23 Mart 2016

TÜM TOKATLI HAYVANSEVERLERE…

ile Hami KARSLI

 

Bu köşenin okurları anımsayacaklardır:

14 Ocak 2016 günü, Tokat Valisi Sayın Cevdet Can’a bir açık mektup yayınlamış ve il genelinde “sokak hayvanlarının yaşadığı acıklı durumu” anlatarak, çözüm önerisi sunmuştum.

Yazım yanıt bulmayınca 28 Ocak günlü yazımın altında Sayın Cevdet Can’a konuyu tekrar anımsatmış, Niksar’ın Çamiçi Yaylası’nda -18 dereceye düşen ısıda sokak hayvanlarının nasıl perişan olduklarını duyurmuş, yazımı Mahatma Gandhi’nin“Bir milletin büyüklüğü ve ahlaki gelişimi, hayvanlara olan davranış biçimi ile değerlendirilir” sözüyle bitirmiştim.

Bu yazıya da bir yanıt alamayınca, 04 Şubat 2016 günlü yazımın altında yine Sayın Cevdet Can’a seslenmiş ve çözüm önerimi yinelemiş; yazdıklarımın Sayın Vali’ye ulaşıp ulaşmadığını da araştırmıştım.

Sonuçta Tokat Valiliği’nin Web site yapımcısı Sayın Gülay Gürkök’ten, yazılarımın Sayın Vali tarafından okunduğunu öğrenmiştim.

***

Aslında sokak hayvanlarıyla ilgili çözüm önerim, zaten var olan ama gereği gibi uygulanmayan bir yasanın uygulanmasını istemekti. Yazının o bölümü aynen şöyleydi:

 

13.07.2005 tarih ve 5393 sayılı Belediyeler Yasası’nın 14. maddesinde sayılan “Belediyenin Görevleri” ve 5199 Sayılı Hayvanları Koruma Kanunu’nun 6. maddesinde belirtilen hususlar bu konudaki sorumluluğu Belediye’ye yüklemektedir.

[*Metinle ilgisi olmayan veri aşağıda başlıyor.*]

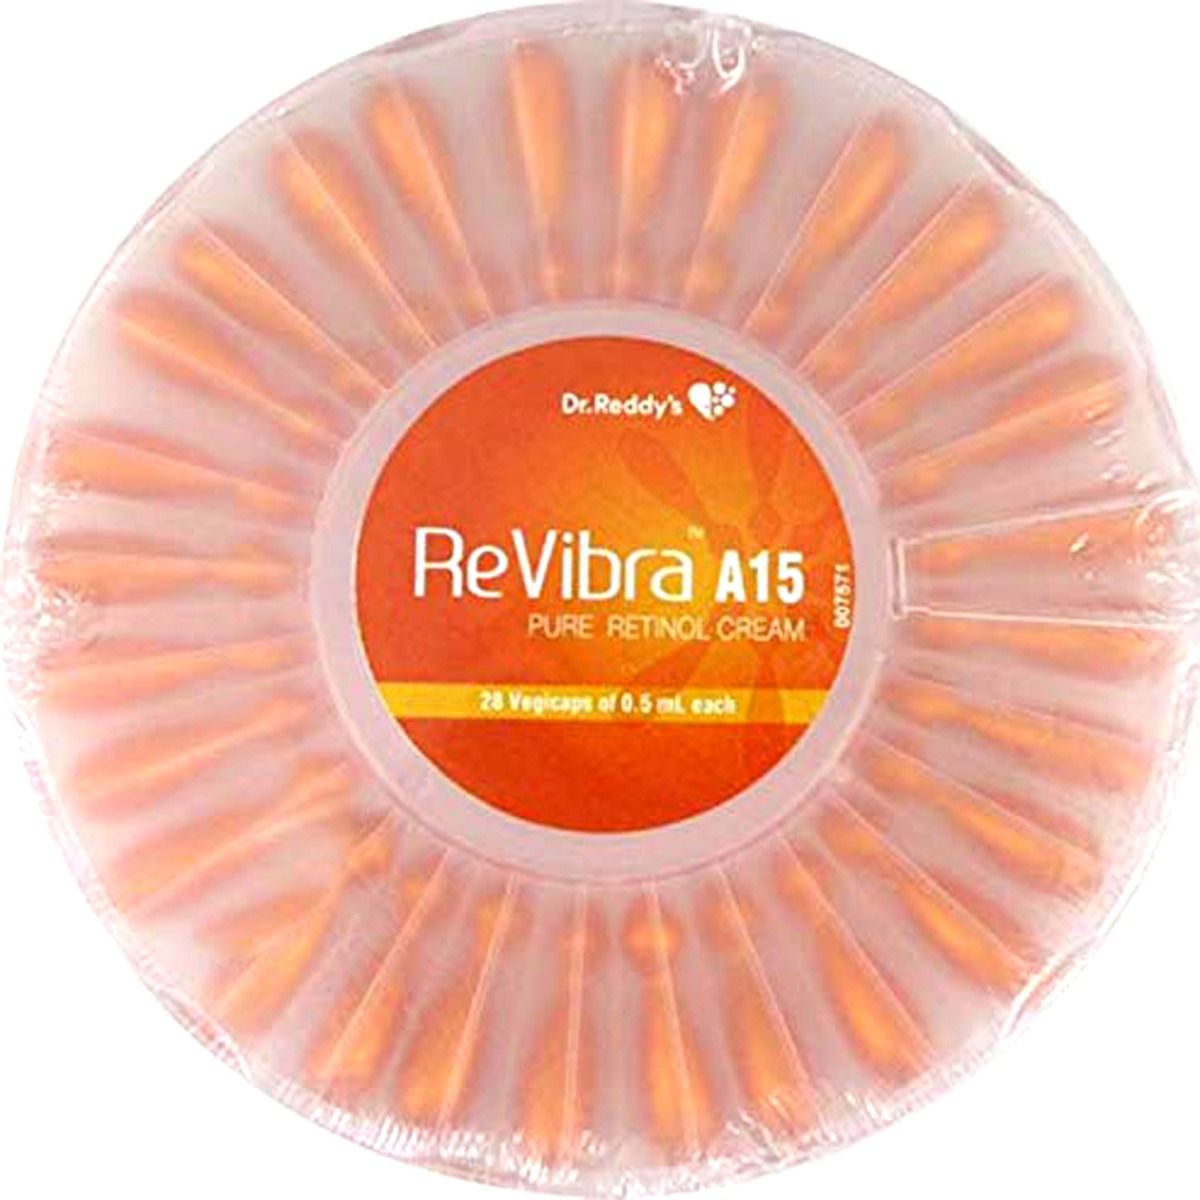 ReVibra A15 Pure Retinol Cream, 28 Vegicaps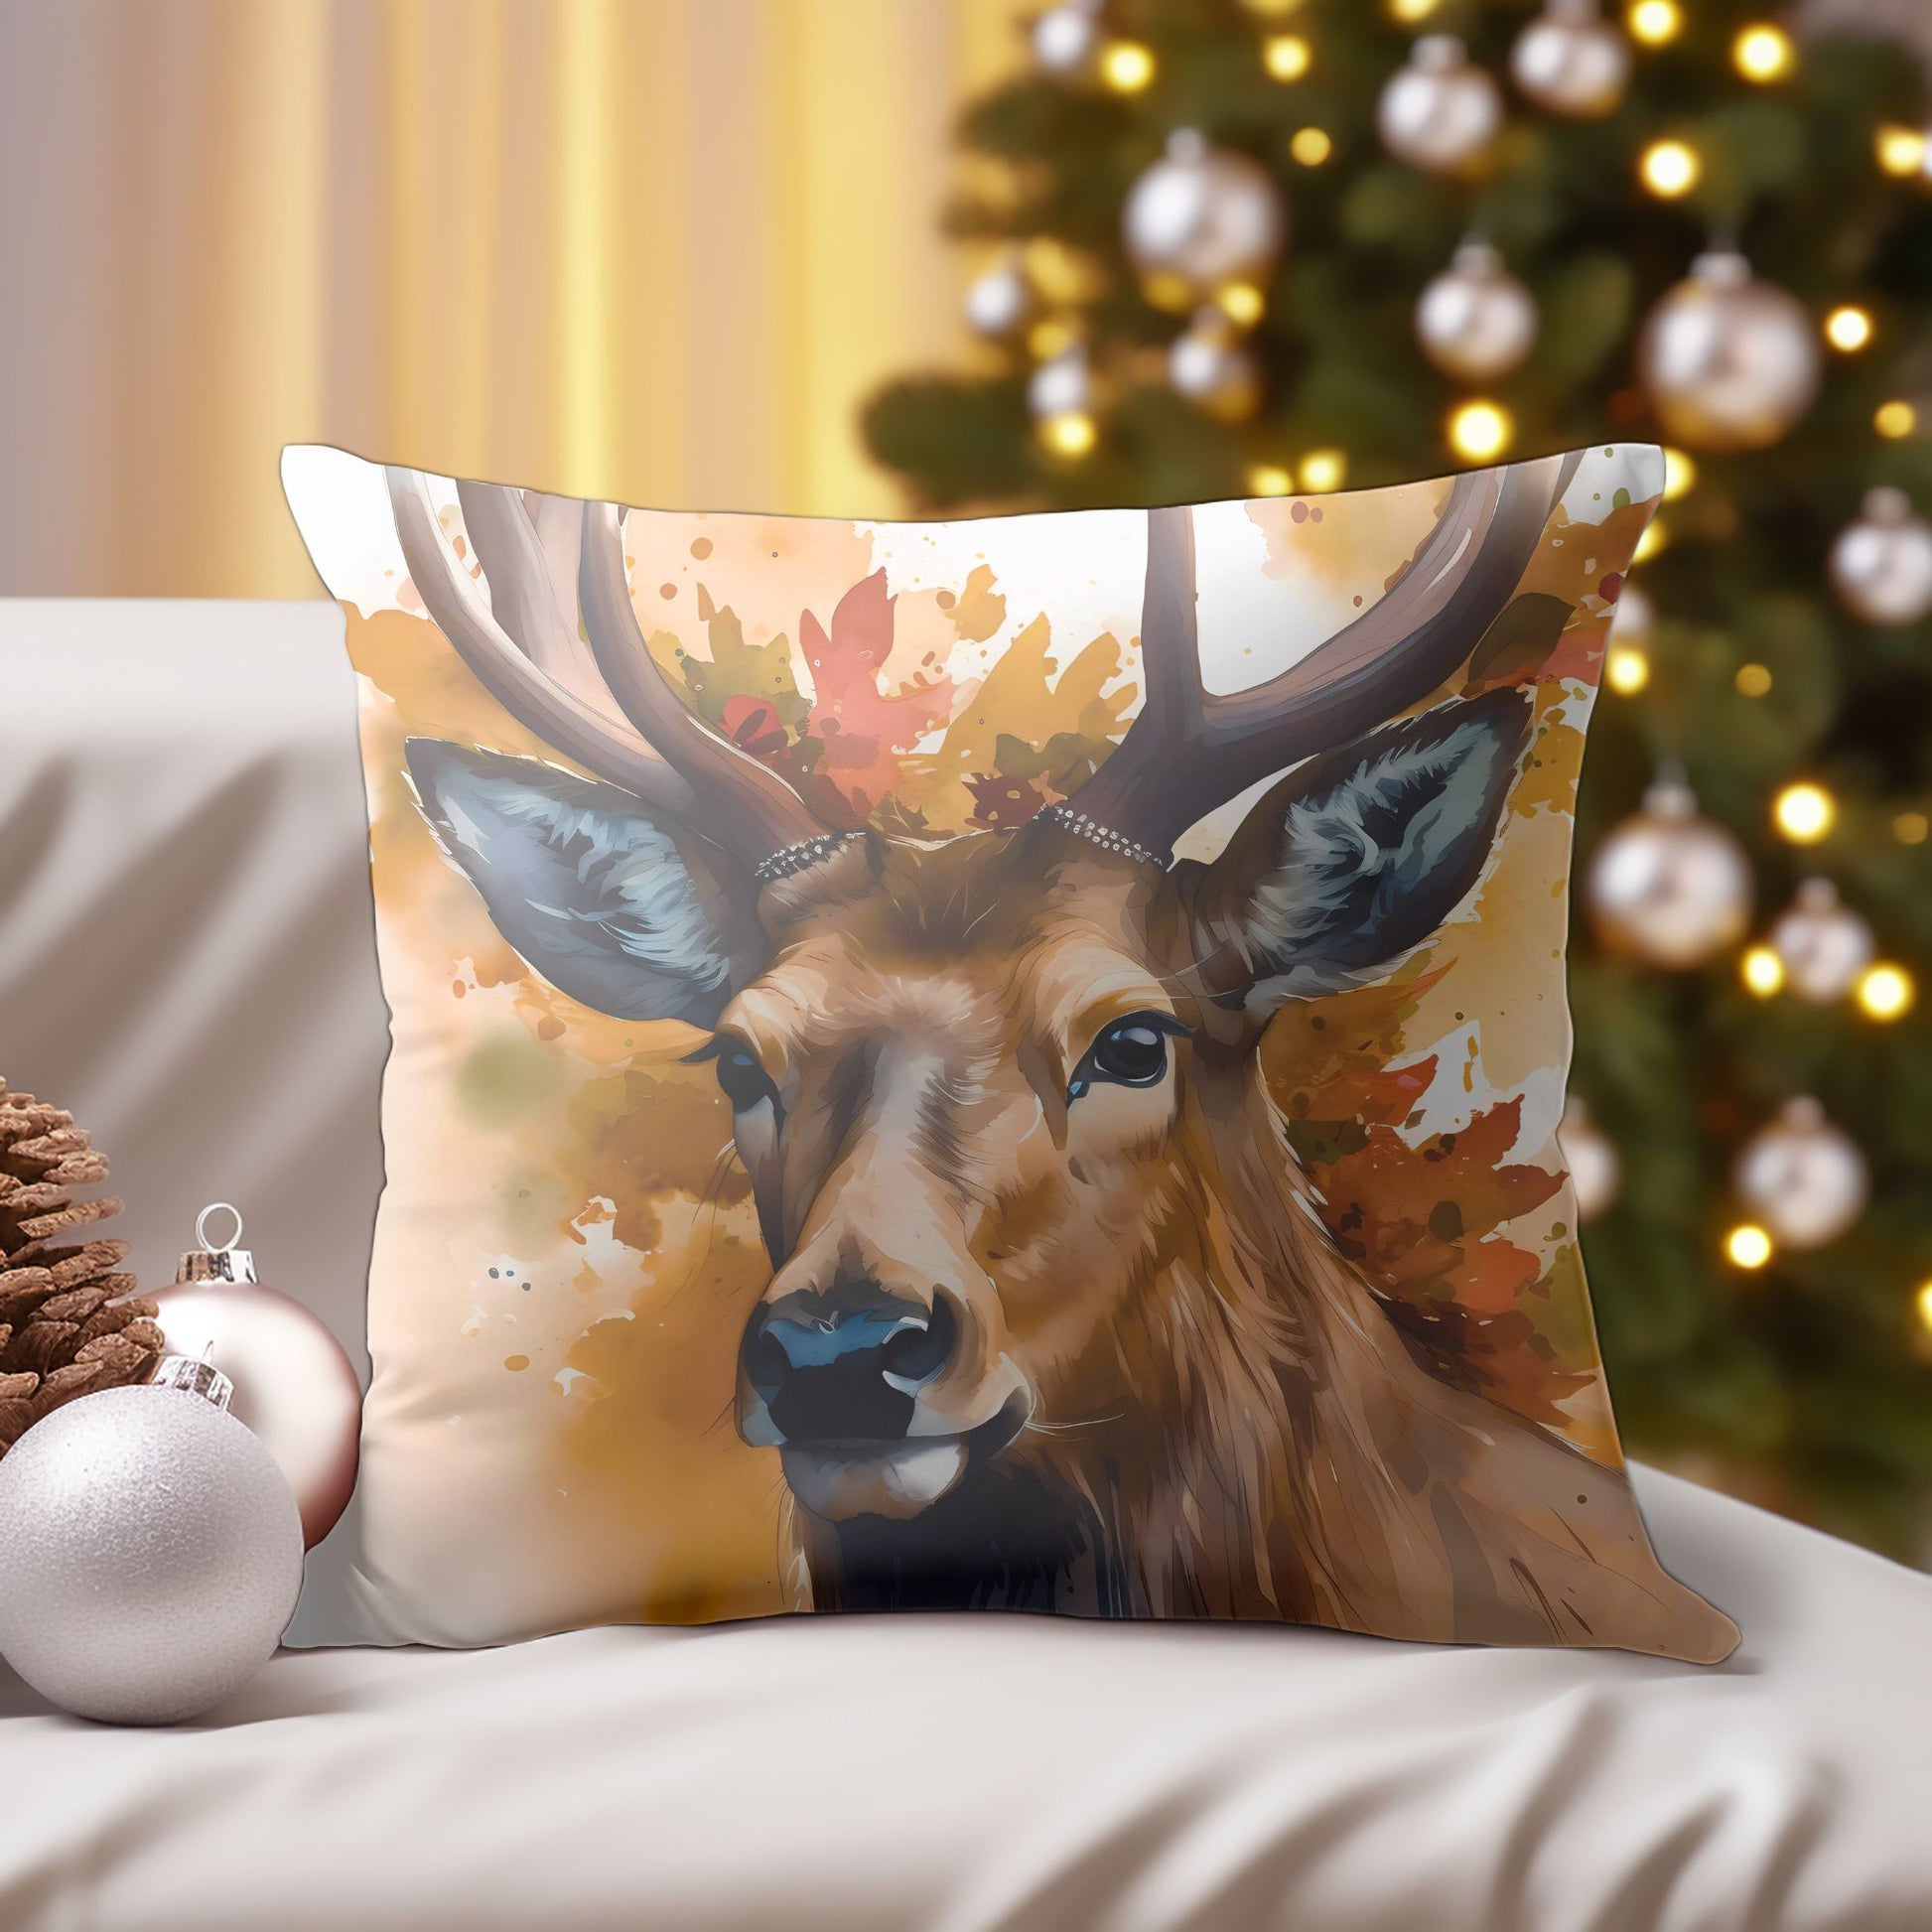 Christmas Theme Pillow for a Cozy Seasonal Decor

Yasa yapılacak işi açıkça belirtmiş: “Sahipsiz veya güçten düşmüş hayvanların en hızlı şekilde yerel yönetimlerce kurulan veya izin verilen hayvan bakımevlerine götürülmesi zorunludur. Bu hayvanların öncelikle söz konusu merkezlerde oluşturulacak müşahede yerlerinde tutulması sağlanır. Müşahede yerlerinde kısırlaştırılan, aşılanan ve rehabilite edilen hayvanların kaydedildikten sonra öncelikle alındıkları ortama bırakılmaları esastır.”

Yasa böyle demiş de, gerçek nedir?

Gerçek, bu bakımevlerinin –en yalın bir söylemle- amaçlarına hizmet etmekten çok uzak olduğudur. Genelde çevresi tel örgüyle çevrili nazi toplama kamplarına benzeyen bu yerlerin, bırakın bir veteriner hekimi, sadece orada görevli bir bakıcıları bile yoktur. Bir temizlik işçisi arada sırada et kesim evlerinin artıklarını oraya atar, o kadar!

Bu bakımevlerinin sığaları (kapasiteleri) kentteki başıboş hayvanların tümünü almaktan çok uzaktır.

Bu nedenle de her kent topladığı sokak hayvanlarını komşu olan diğer kentlerin sınırları içerisine salıvermekte ve bu kısır döngü devam etmektedir.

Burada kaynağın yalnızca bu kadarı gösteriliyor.